Assalamu’alaikum!” ucap Dayat dengan suara diwibawakan. Dipikirnya yang menelpon itu Nadia, ketua Annisa di Fakultas Hukum tempatnya bernaung. Soalnya dari tadi ia memang sedang menunggu telpon itu.
“Adriannya ada?” tanya si penelpon, perempuan tapi bukan Nadia. Suaranya membuat bulu kuduk Dayat merinding. Merdu, bow! Atau dimerdu-merdukan?
“Ad…rian?” Ia malah balik bertanya.
“Iya. Adriannya ada, Sayang?” tanya si penelpon. Dayat melotot mendengarnya. Serasa mau pingsan. Baru sekali ini ia dipanggil “sayang”!
“Ee…ini dari siapa ya?” tanyanya terbata-bata.
“Bilang saja dari Valeri,” jawab gadis itu, lembut. Dayat sibuk berpikir. Valeri? Gadis yang mana lagi, nih?!
“Adrian!!!” panggilnya, kencang. Ia kecewa tak jadi ditelpon Nadia. Adrian yang merasa namanya disebut segera menghampiri. Dayat menyerahkan gagang telpon kepadanya.

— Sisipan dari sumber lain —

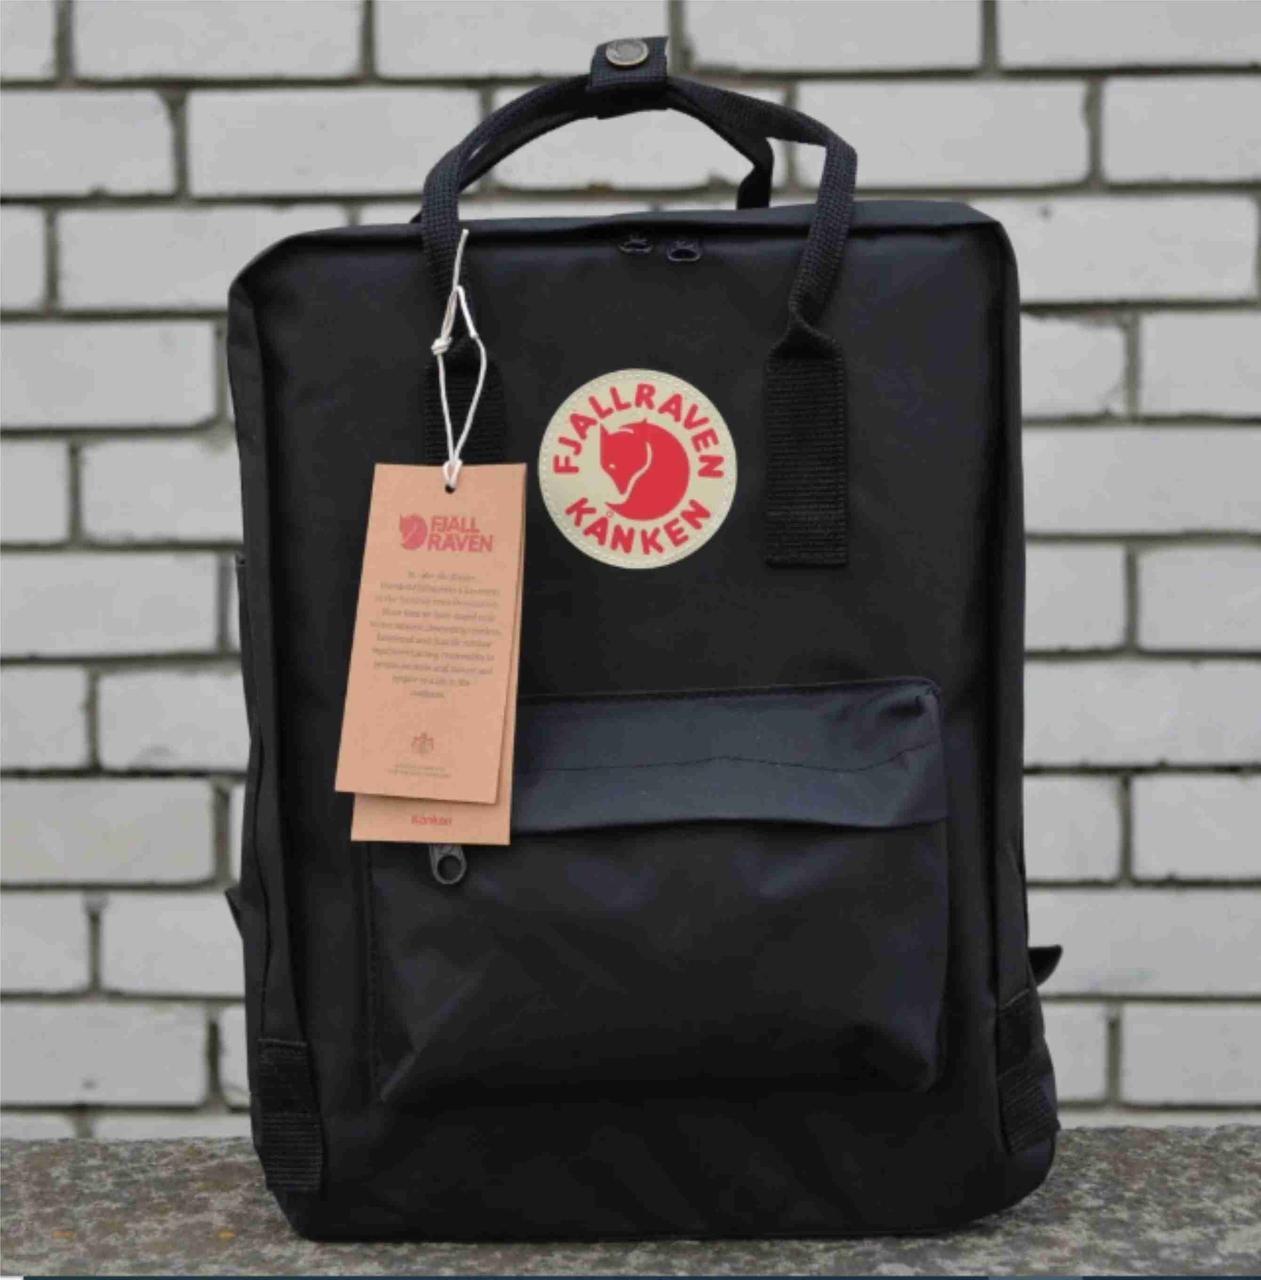 Рюкзак Fjallraven Kanken Classic. Вместительный рюкзак. Черный Рюкзаки Канкен. Рюкзак Шведский Канкен.

“Penggemar!” sungutnya. Adrian tersenyum malu-malu. Dayat mencibir. Sambil menyingkir, ia mencuri pandang ke arah Adrian. Adrian memang keren. Tinggi, berkulit putih dan tegap. Baru tiga bulan  lalu ditarik ikut Rohis dan dipaksa masuk wisma.  Selama di wisma, tak terhitung lagi telpon masuk dari gadis yang berbeda mencarinya. Adrian hanya tersenyum sambil minta maaf. Memang bukan kesalahannya menjadi idola para gadis. Sudah syukur ia tak menanggapi godaan para gadis itu.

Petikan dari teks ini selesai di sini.